Evolution of urate-degrading enzymes in animal peroxisomes.

The end product of purine metabolism varies from species to species. The degradation of purines to urate is common to all animal species, but the degradation of urate is much less complete in higher animals. The comparison of subcellular distribution, intraperoxisomal localization forms, molecular structures, and some other properties of urate-degrading enzymes (urate oxidase, allantoinase, and allantoicase) among animals is described. Liver urate oxidase (uricase) is located in the peroxisomes in all animals with urate oxidase. On the basis of the comparison of intraperoxisomal localization forms, mol wt, and solubility of liver urate oxidase among animals, it is suggested that amphibian urate oxidase is a transition form in the evolution of aquatic animals to land animals. Allantoinase and allantoicase are different proteins in fish liver, but the two enzymes form a complex in amphibian liver.
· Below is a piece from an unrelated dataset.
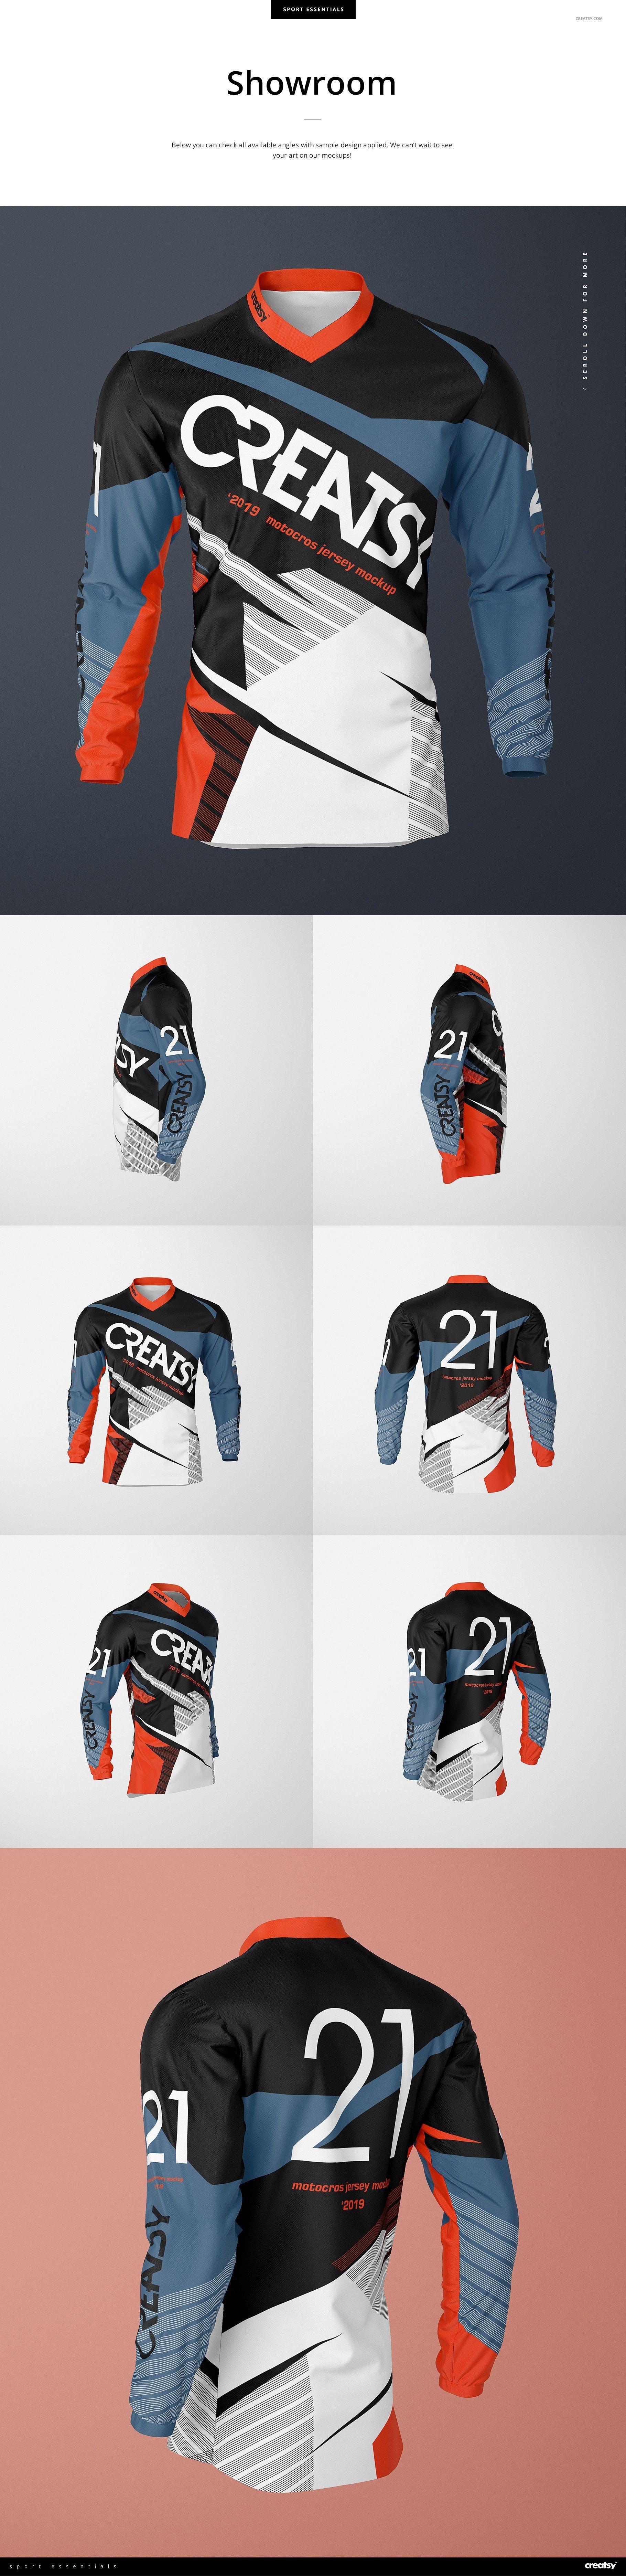 Download Motocross Jersey Mockup Set | Motocross, Jersey, Business ...

The subcellular localization of allantoinase and allantoicase varies among fishes. Hepatic allantoinase is located both in the peroxisomes and in the cytosol in saltwater fishes, and only in the cytosol in freshwater fishes. Hepatic allantoicase is located on the outer surface of the, peroxisomal membrane in the mackerel group and in the peroxisomal matrix in the sardine group. Amphibian hepatic allantoinase-allantoicase complex is probably located in the mitochondria. On the basis of previous data, changes of allantoinase and allantoicase in molecular structure and intracellular localization during animal evolution may be as follows: Fish liver allantoinase is a single peptide with a mol wt of 54,000, and is located both in the peroxisomes and in the cytosol, or only in the cytosol. Fish liver allantoicase consists of two identical subunits with a mol wt of 48,000, and is located in the peroxisomal matrix or on the outer surface of the peroxisomal membrane. The evolution of fishes to amphibia resulted in the dissociation of allantoicase into subunits, and in the association of allantoinase with the subunit of allantoicase. This amphibian enzyme was lost by further evolution.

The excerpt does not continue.